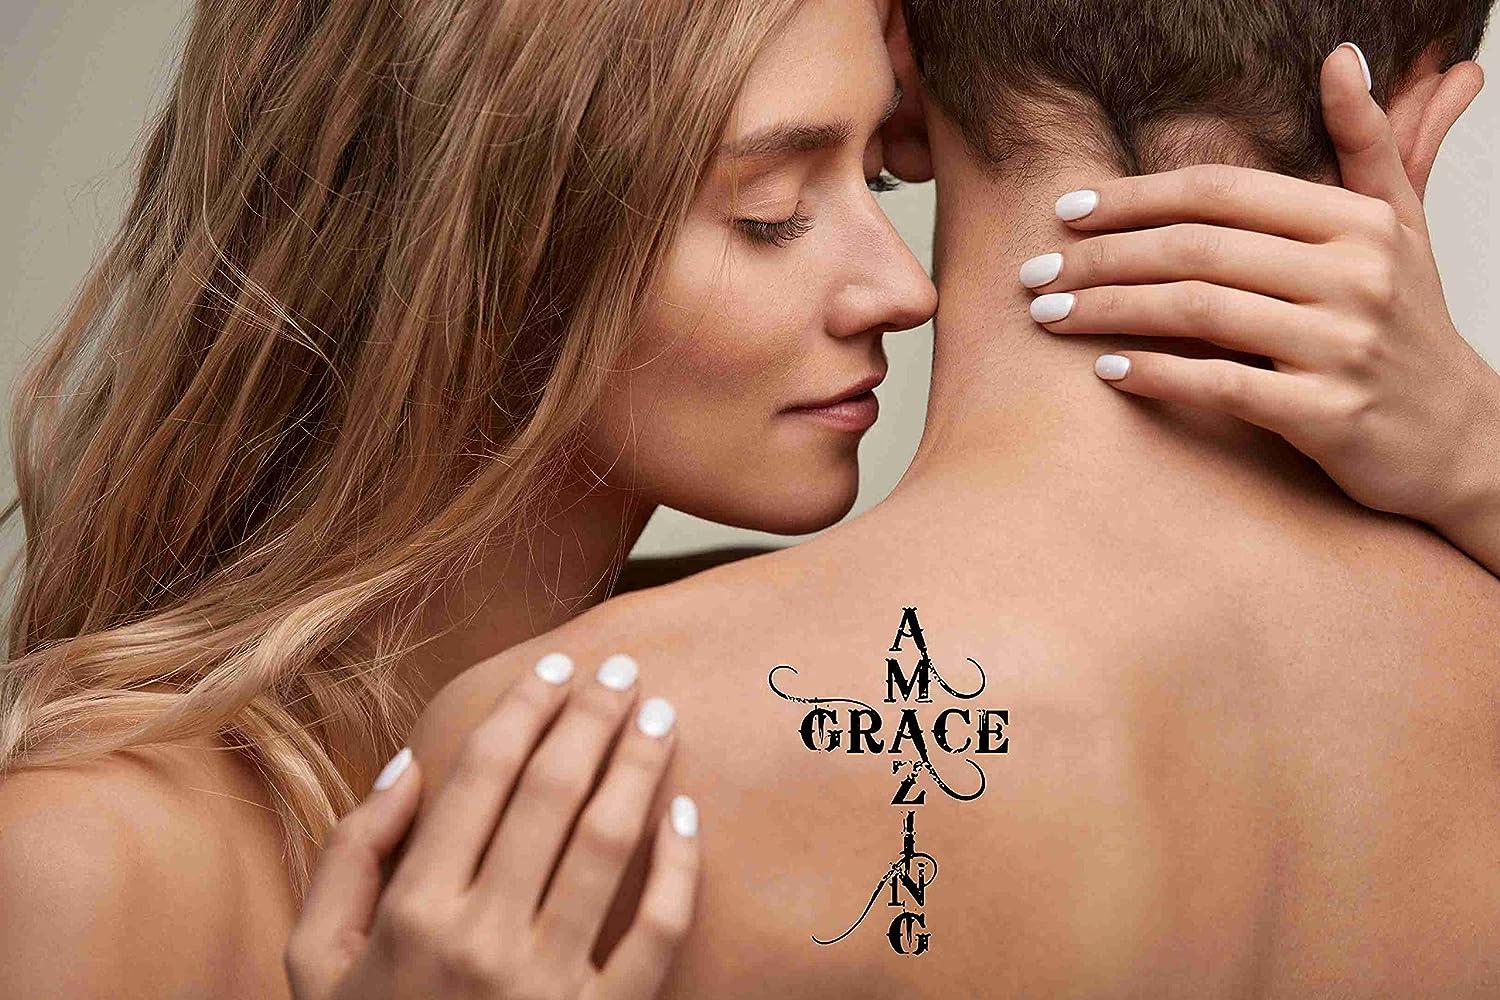 101 Best Grace Tattoo Ideas You Have To See To Believe!
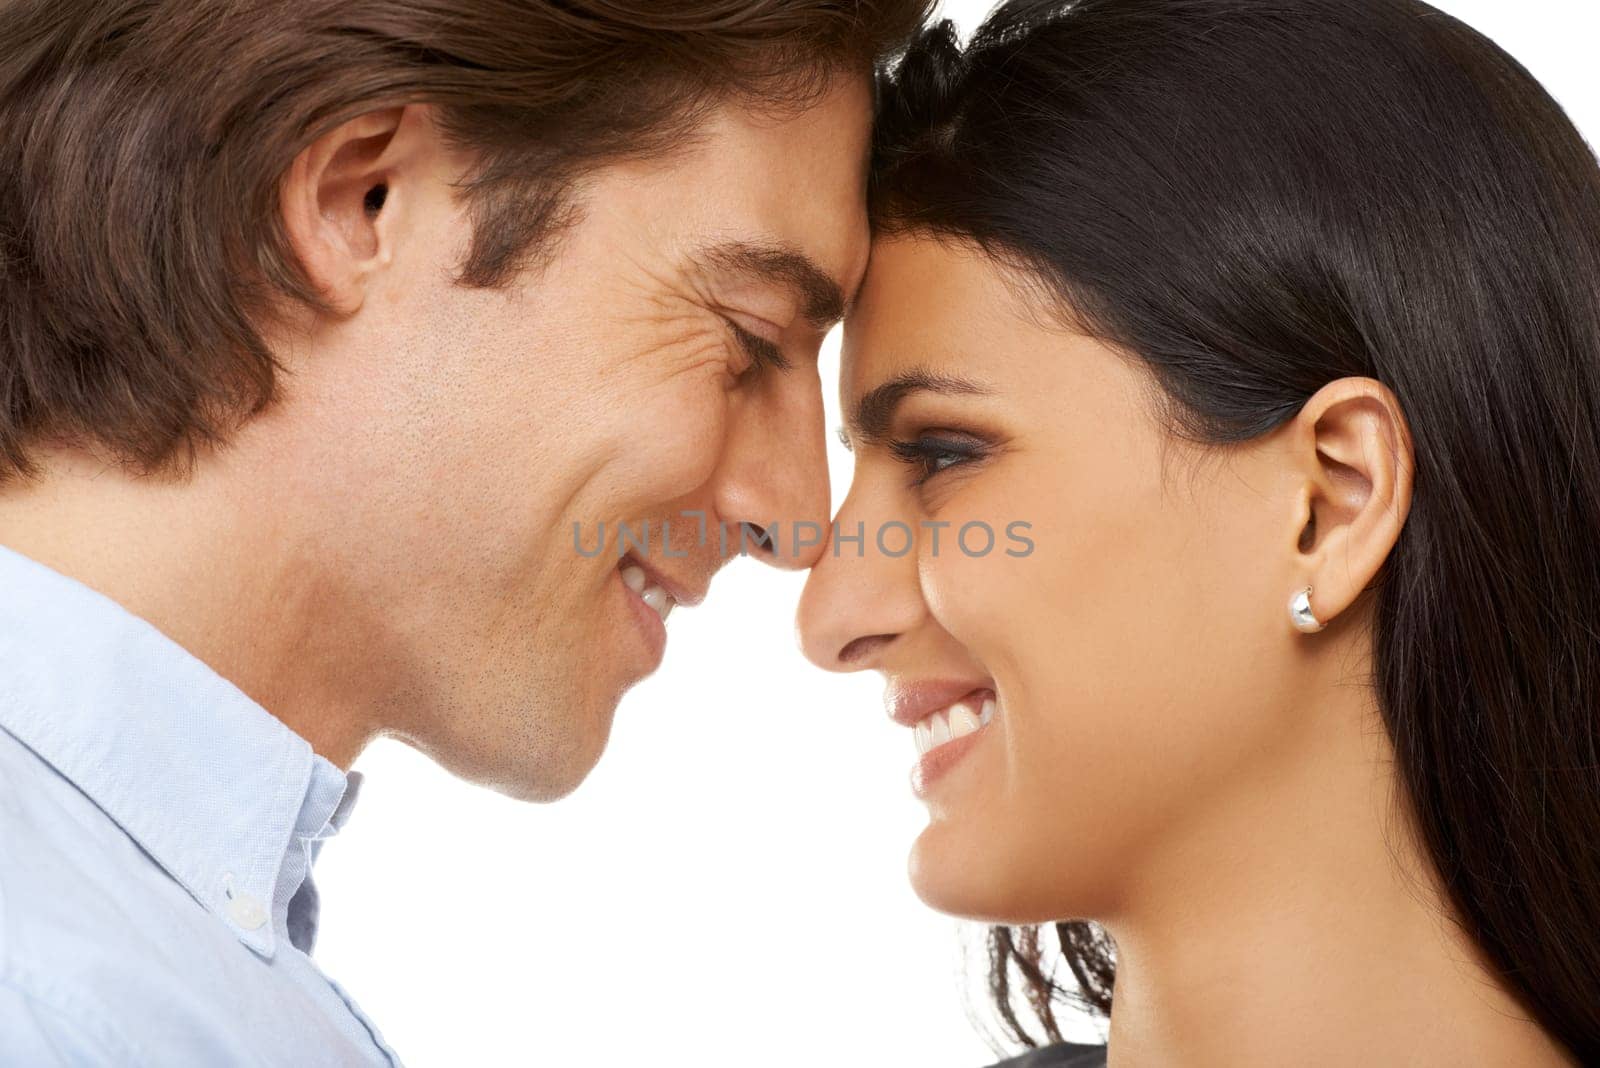 Couple, forehead and smile for love, valentines day or date in affection isolated against white studio background. Closeup of man and woman smiling touching heads embracing special month of romance.
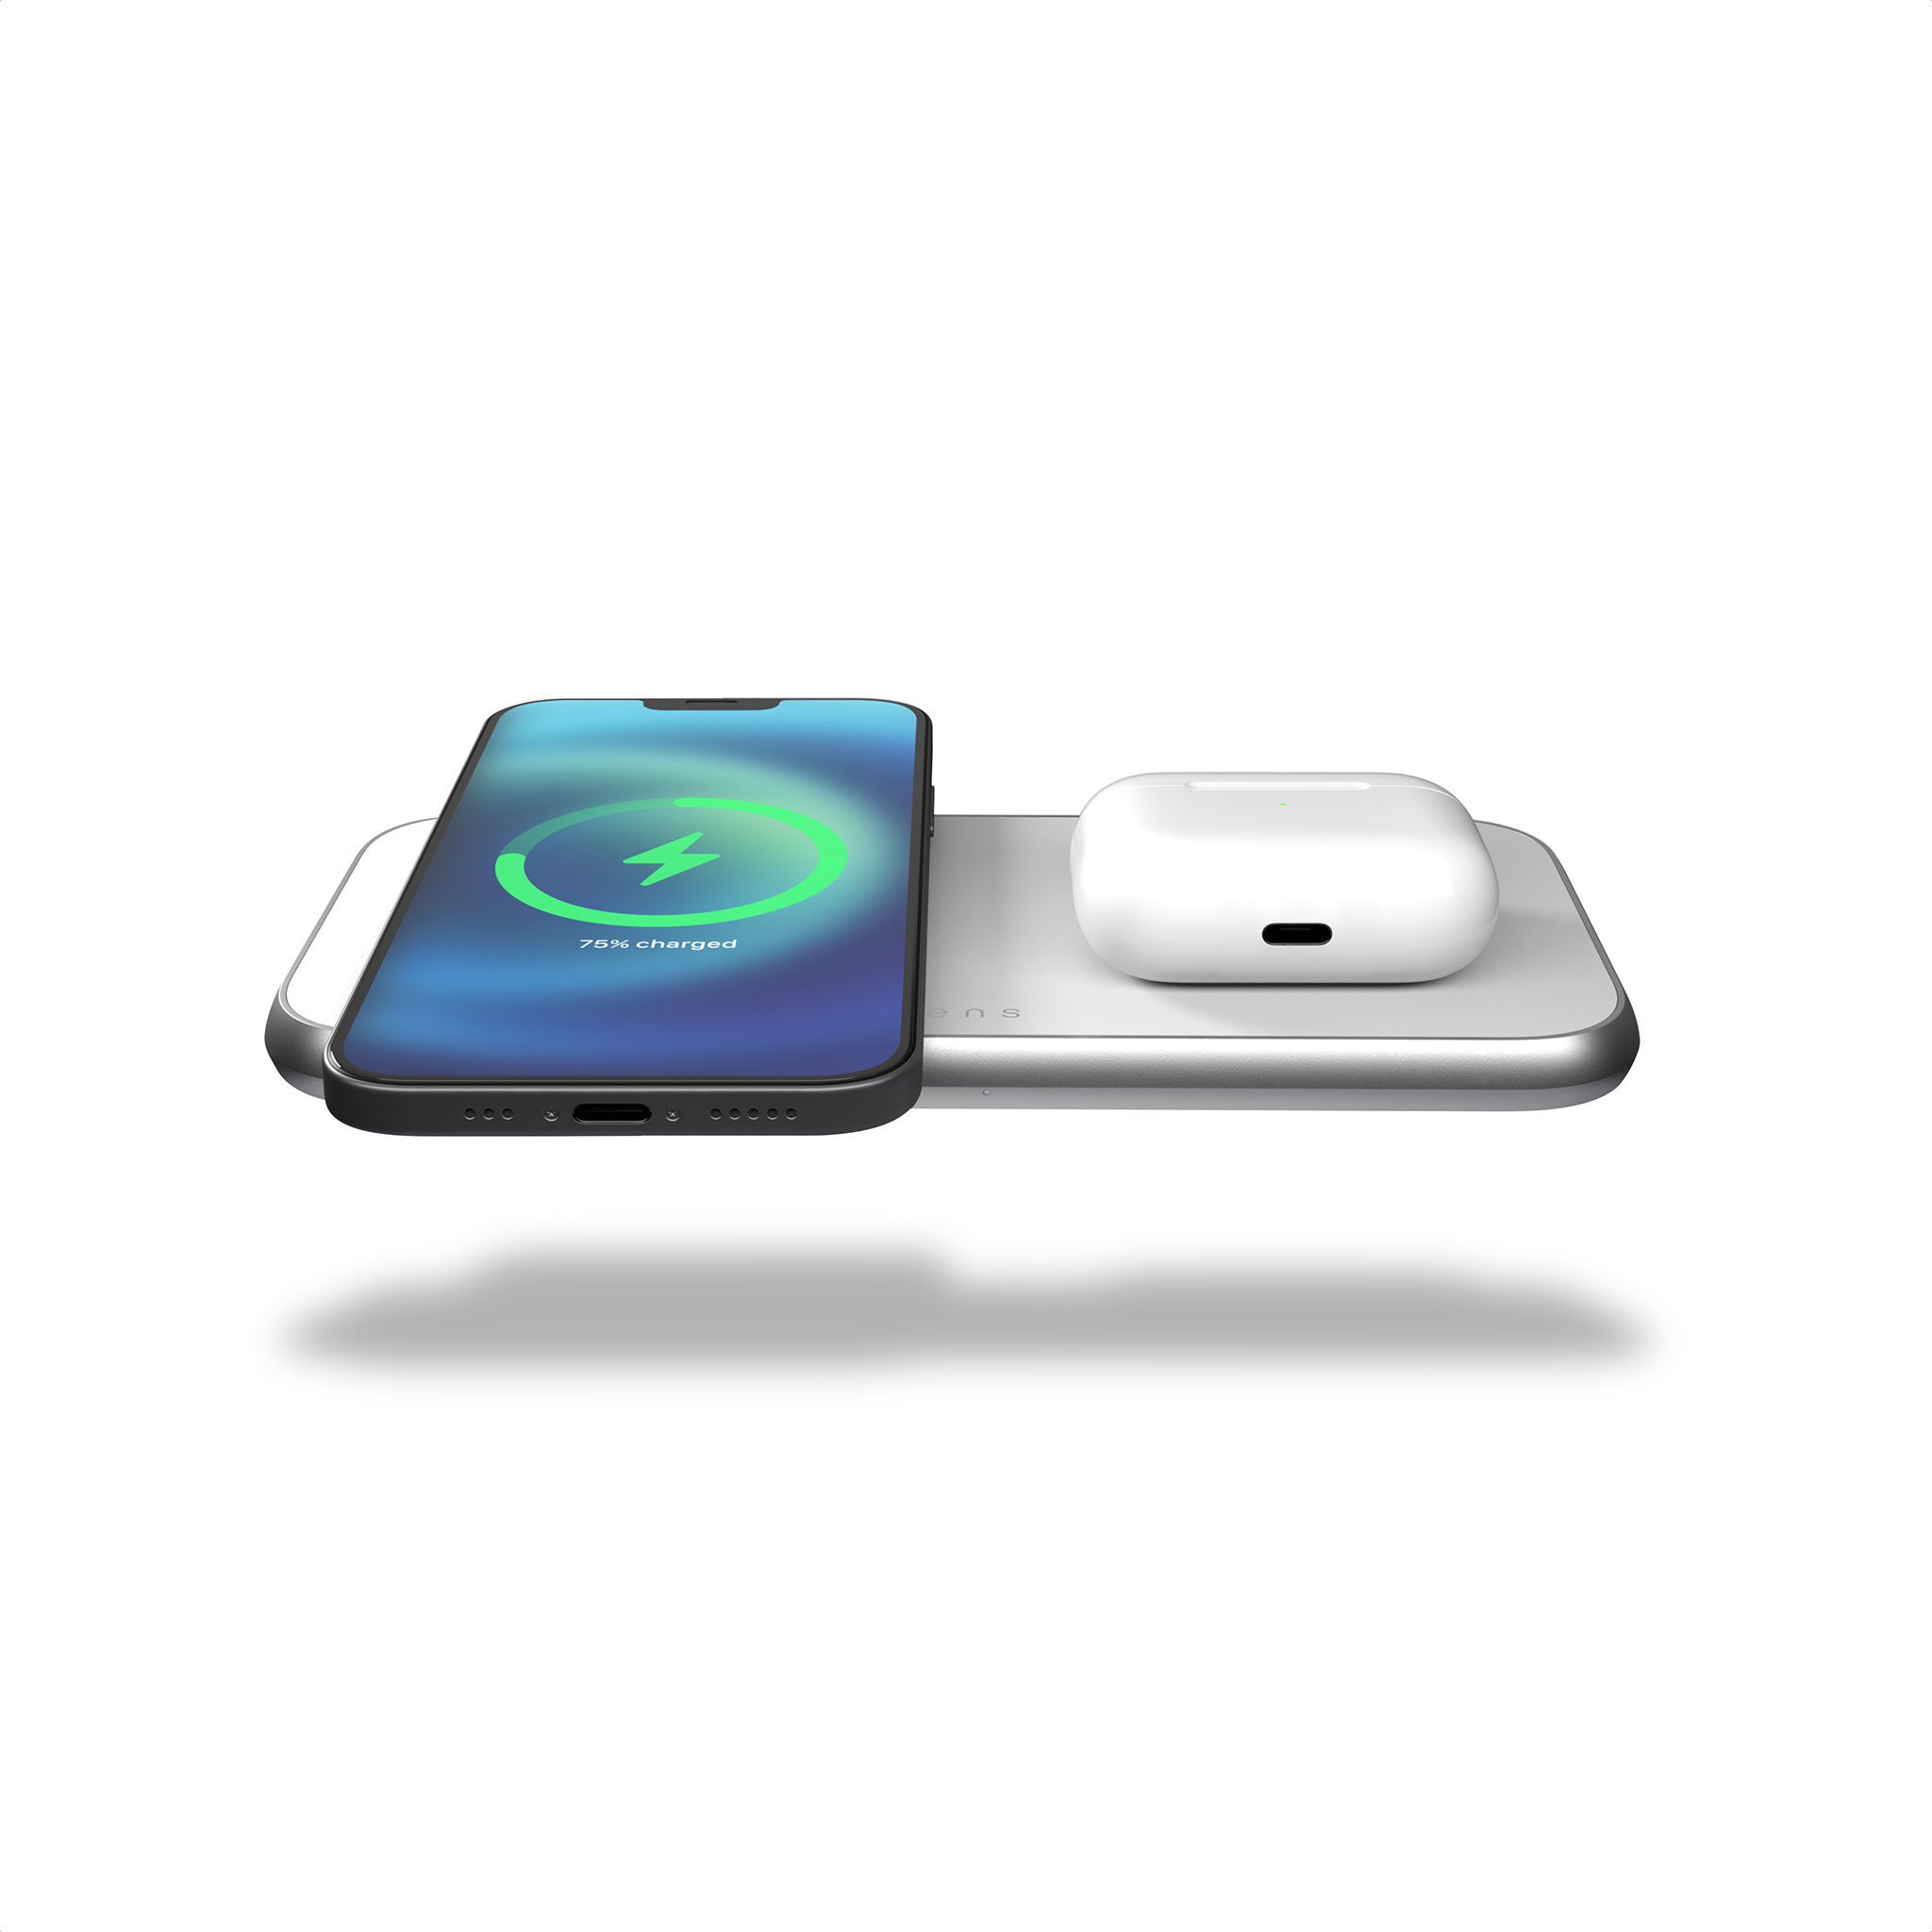 ZEDC16W - Zens 3 in 1 MagSafe Wireless Charger Front Top View with devices

#### [REQUIRED ACTION]
Copy exactly the lines running from the line with "Couple, forehead and" to the final line of the listing, keeping both ends and dropping any picture.

#### [RESPONSE AREA]
 Couple, forehead and smile for love, valentines day or date in affection isolated against white studio background. Closeup of man and woman smiling touching heads embracing special month of romance.
 ZEDC16W - Zens 3 in 1 MagSafe Wireless Charger Front Top View with devices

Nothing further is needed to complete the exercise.